Visualize which threads are running at a given time

This post https://rohanvarma.me/GIL/ taught me that you can run a callback whenever a thread is scheduled with the target= argument of threading.Thread and the same for multiprocessing.Process.

This allows us to view exactly which thread runs at each time. When this is done, we would see something like (I made this particular graph up):

            +--------------------------------------+
            + Active threads / processes           +
+-----------+--------------------------------------+
|Thread   1 |********     ************             |
|         2 |        *****            *************|
+-----------+--------------------------------------+
|Process  1 |***  ************** ******  ****      |
|         2 |** **** ****** ** ********* **********|
+-----------+--------------------------------------+
            + Time -->                             +
            +--------------------------------------+

which would show that:

  • threads are fully serialized by the GIL
  • processes can run in parallel

Which is better multithreading or multiprocessing?

Multiprocessing is used to create a more reliable system, whereas multithreading is used to create threads that run parallel to each other. multithreading is quick to create and requires few resources, whereas multiprocessing requires a significant amount of time and specific resources to create.

Is multiprocessing faster than multithreading?

2-Use Cases for Multiprocessing: Multiprocessing outshines threading in cases where the program is CPU intensive and doesn't have to do any IO or user interaction.
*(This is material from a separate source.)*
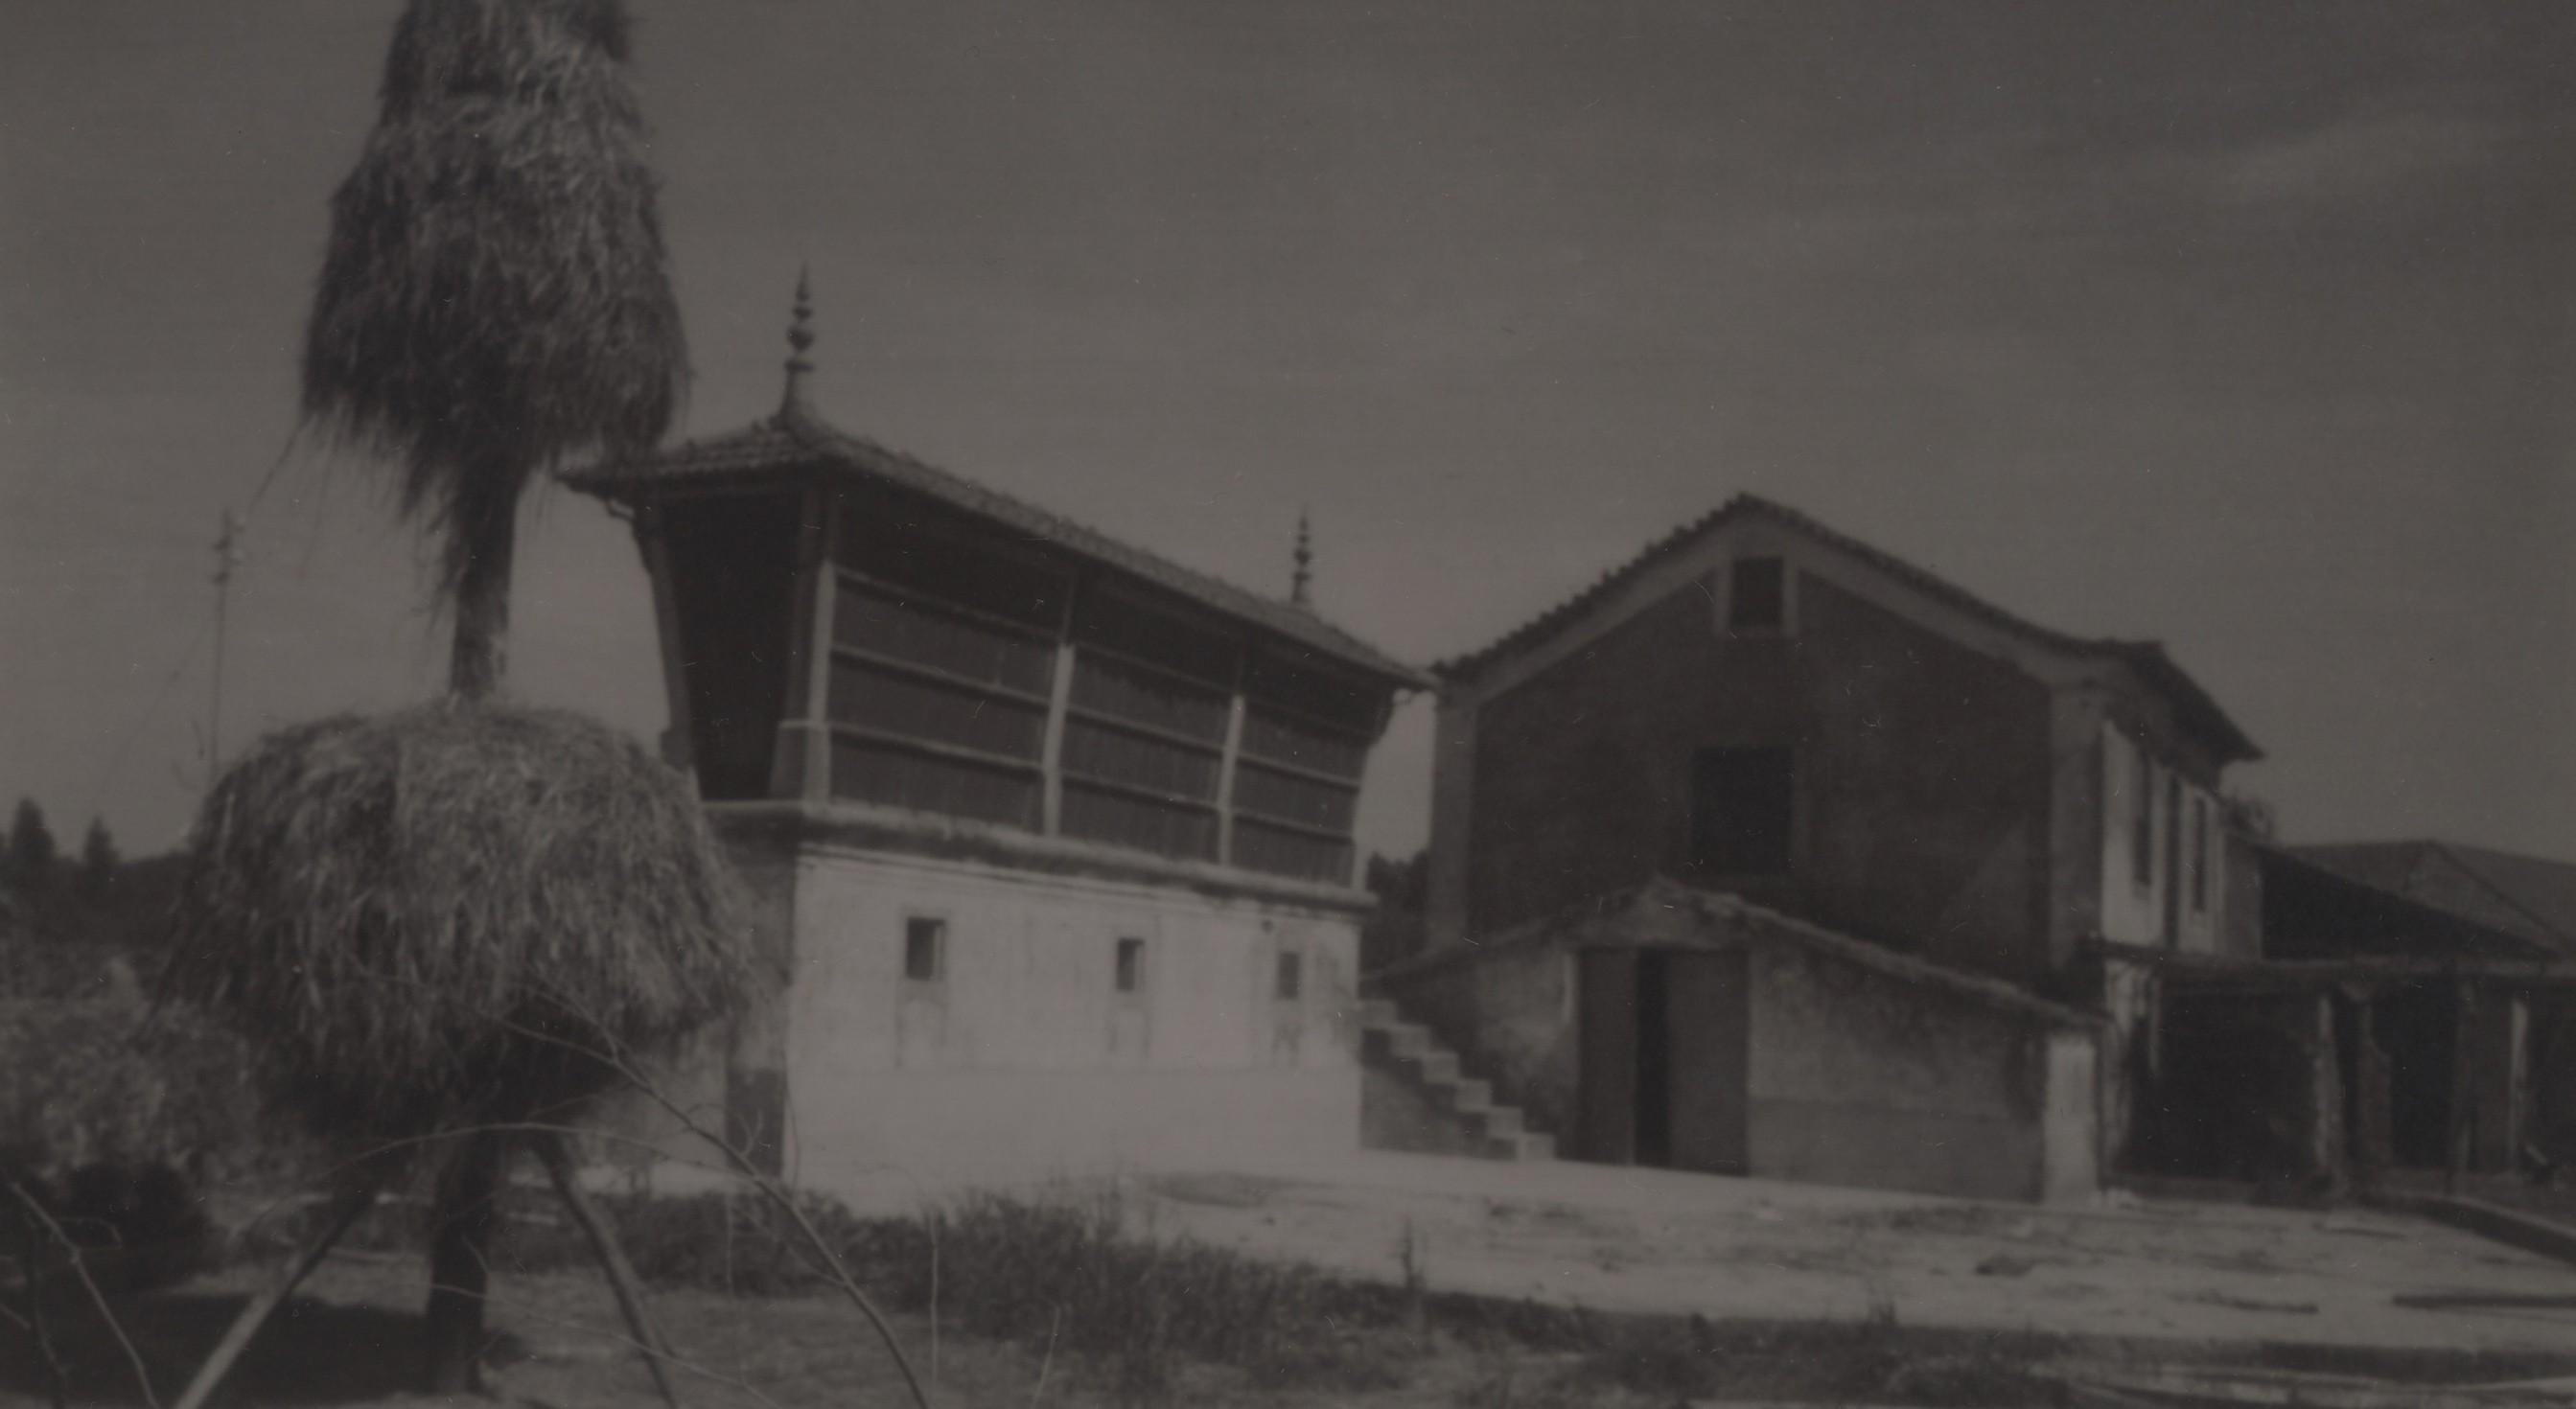 Espigueiro e casa da eira, S. Martinho da Gândara (Anos 60)

Show activity on this post. Process may have multiple threads. These threads may share memory and are the units of execution within a process.

Is Python good for multithreading?

Python doesn't support multi-threading because Python on the Cpython interpreter does not support true multi-core execution via multithreading. However, Python does have a threading library. The GIL does not prevent threading.

Is multiprocessing faster Python?

This pattern is extremely common, and I illustrate it here with a toy stream processing application. On a machine with 48 physical cores, Ray is 6x faster than Python multiprocessing and 17x faster than single-threaded Python. Python multiprocessing doesn't outperform single-threaded Python on fewer than 24 cores.